How many of you have dogs that will leave food behind?

My last dog, and Kyleigh never had kibble - they were on the raw diet from day one. 

I would just put a whack load of the food in their bowls and let them eat. Both of my dogs never over ate. They simply ate their fill and then walked away. 

I did pay attention of course to see if they were getting fat, and they never did, and you can see in Ky's photo album and her recent grooming pic, that she's the ideal weight (about 55-58 pounds). 

My friend has two labs and when I visited her and she how I fed Kyleigh she was amazed. I did chuckle though, and said, c'mon you have the food hoovers of dogs!!!! 

Does anyone else do this? Can anyone else do this? I can't be the ONLY one with a dog that only eats what she needs!!!!


----------



## jourdan (Jul 30, 2012)

Avery is raw fed and he will regulate himself. I've noticed if he has a big dinner he will nibble on breakfast or vice-versa. I know not all dogs self regulate, my moms chihuahua will keep eating if they left food out to free graze. 


Sent from my iPhone using PG Free


----------



## jae (Jul 17, 2012)

I started on kibble for a month or two. He didn't self regulate then, and he only turned his nose up at like 3 meals - it was just terrible kibble, but he decided to eat one day and never looked back. Now the dog eats everything and anything he thinks will taste nice - furries, sticks, rubber, socks, pebbles - and has no concept of self regulation. He destroys his meals. 
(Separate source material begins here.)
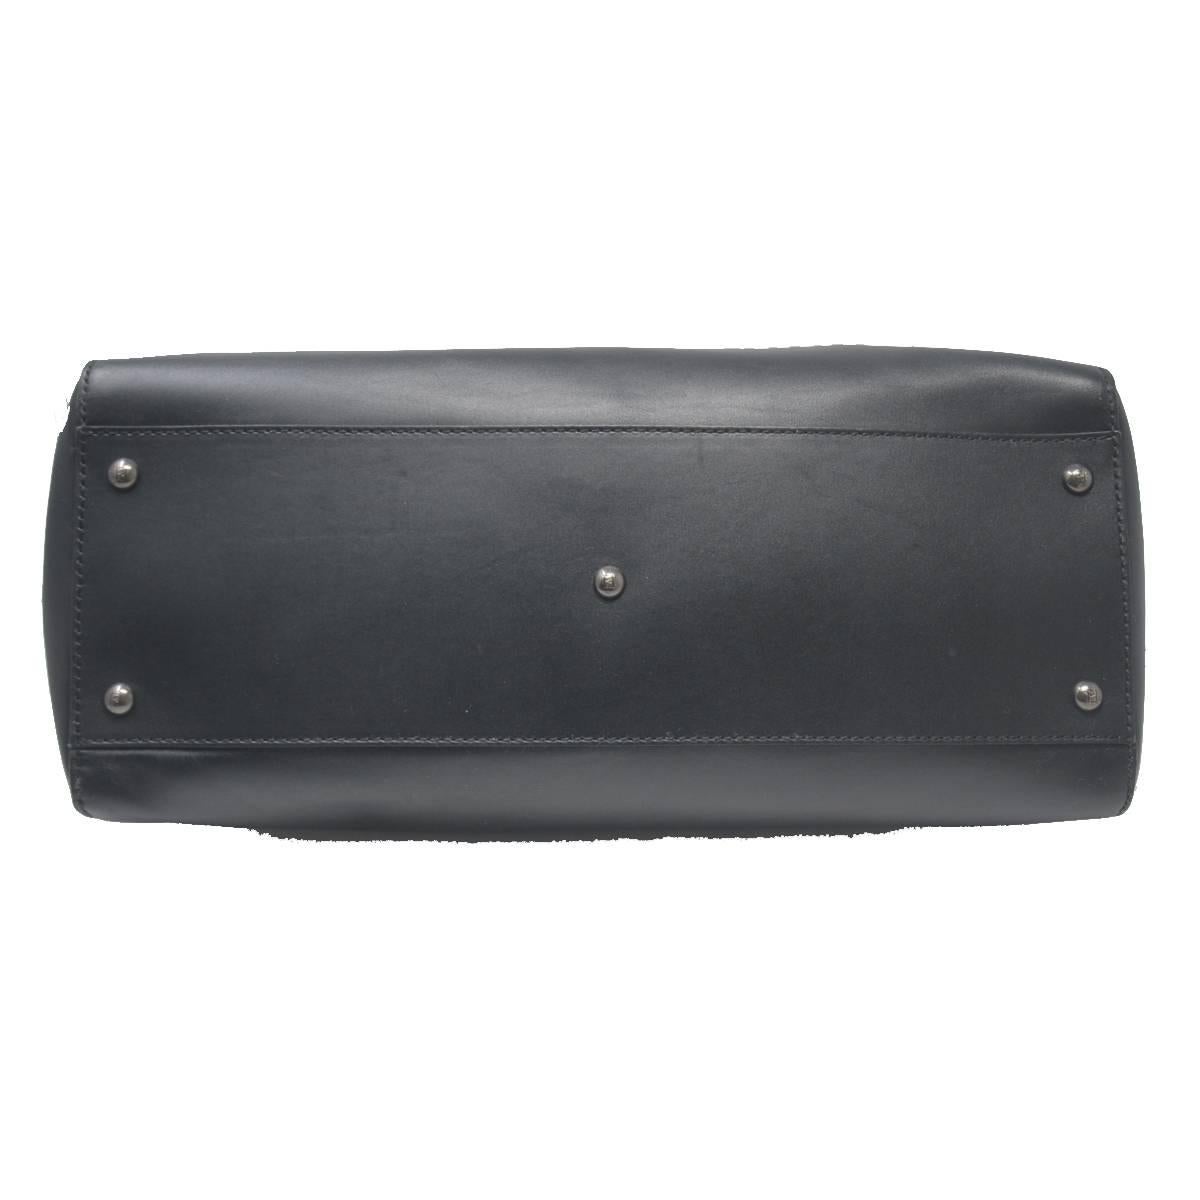 Fendi Large Peekaboo Black leather Handbag 1

However, it does seem to translate to a higher food drive.


----------



## Bear GSD (Apr 12, 2012)

Bear will self regulate. The last time I weighed him was a month ago and he was a lean 74 lbs. I figured I could up his food a liitle bit to put a little extra weight on him but when I give him that little extra he will leave it in his bowl.
I guess that's good, I just think it's funny because he is very food driven so you would have thought the extra food would have been like a feast to him!


----------



## Capone22 (Sep 16, 2012)

If it was kibble, she would self regulate. Raw? No way. Both of my dogs would eat until they physically could not. 


Sent from my iPhone using PG Free


----------



## Maggies Dad (Aug 15, 2012)

Maggie does
No matter how much I feed her she will ALWAYS leave between 5 - 9 kibbles in the bowl???


----------



## lemonadeicedtea (Aug 8, 2011)

Mine self-regulates with kibble, and even meat/raw bones (though to less of a degree). He keeps himself at a very slim 70lbs at 19 months. I almost wish his food drive was higher to make training a little easier.


----------